MERIDEN — New leaders will be at the helm of several city schools in the upcoming school year.

John Kuckel, who has led Lincoln Middle School as principal over the past three years, heads over to Nathan Hale Elementary School to become that building’s new leader.

Nathan Hale’s longtime principal Karen Dahn retired at the end of the last school year, opening the opportunity for Kuckel.

Meanwhile, James Flynn, most recently assistant principal at Maloney High School, has been named Lincoln’s new principal.

Platt High School will have a new assistant principal in Bethany McKie. McKie takes over the position previously held by Andrea Fonseca, who has been offered a position as principal in the Stratford Public Schools, said School Superintendent Mark D. Benigni. 

The new leaders are settling into their roles. Flynn said Monday he officially started his new position the week before. He has met with Lincoln’s secretarial staff and some faculty. 

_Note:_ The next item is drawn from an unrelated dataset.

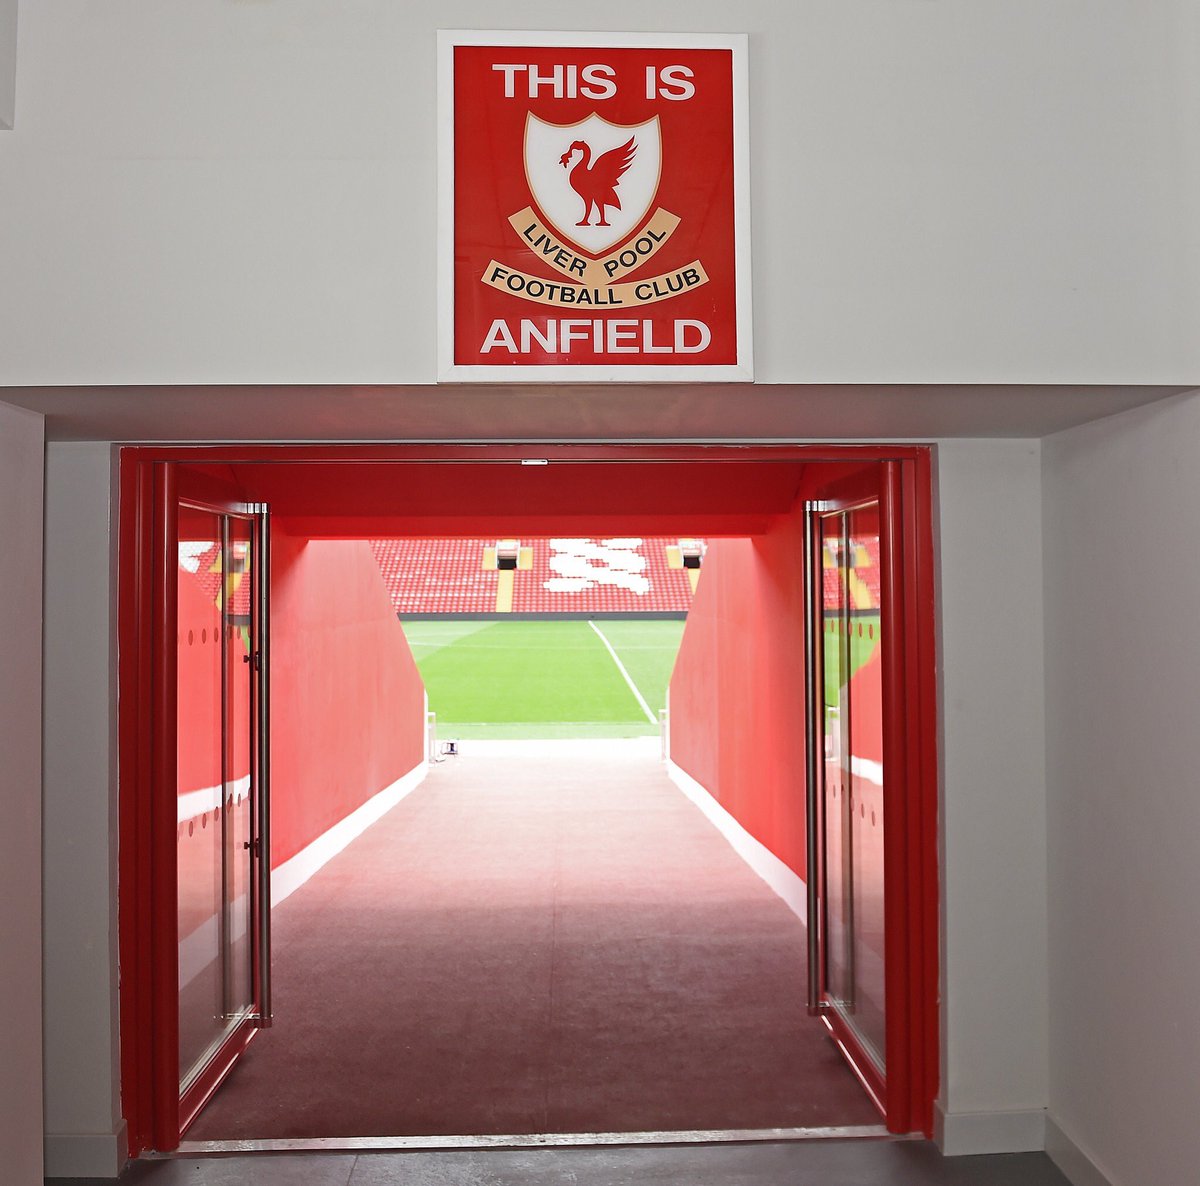 Lfc Transfer Room Take A Look At The Remodeled Anfield Tunnel With The Iconic This Is Anfield Sign Thoughts Lfc Ynwa

Flynn, a Meriden native, said he is excited for the opportunity to work with a younger group of students as well as new colleagues at Lincoln after a long career at the high school level. 

Flynn, a former social studies teacher, said he strives to be fair and empathetic, learning about the “whole student.”

“As a teacher, you would try to meet them where they’re at,” Flynn said. 

In teaching U.S. history, he tried to incorporate real life experiences so that students could relate to the curriculum.  

Flynn, who graduated from Platt in 1996 and later attended Central Connecticut State University and the University of New Haven, said he was inspired to go into education by his high school teachers. 

“They had a good way about them that made me want to pursue teaching,” Flynn said. Their approach included patience, subtlety and humor. 

Officials have not yet named a replacement for Flynn at Maloney.

Dan Crispino, who is director of school leadership for the elementary schools, described Dahn as a passionate, caring, hardworking and dedicated principal. 

“Karen will not be easily replaced,” Crispino said. 

Benigni described Dahn as having been a dynamic leader at both Nathan Hale and John Barry Elementary School. 

“She cares deeply about students, staff and the school community,” Benigni said. 

Crispino said he is looking forward to working with Kuckel at Nathan Hale. 

“It’s a huge job,” he said. “I don’t think people understand the amount of responsibility that falls on a principal. That’s your building. It’s not just a Monday through Friday job. It’s a 24-7 job in many ways.”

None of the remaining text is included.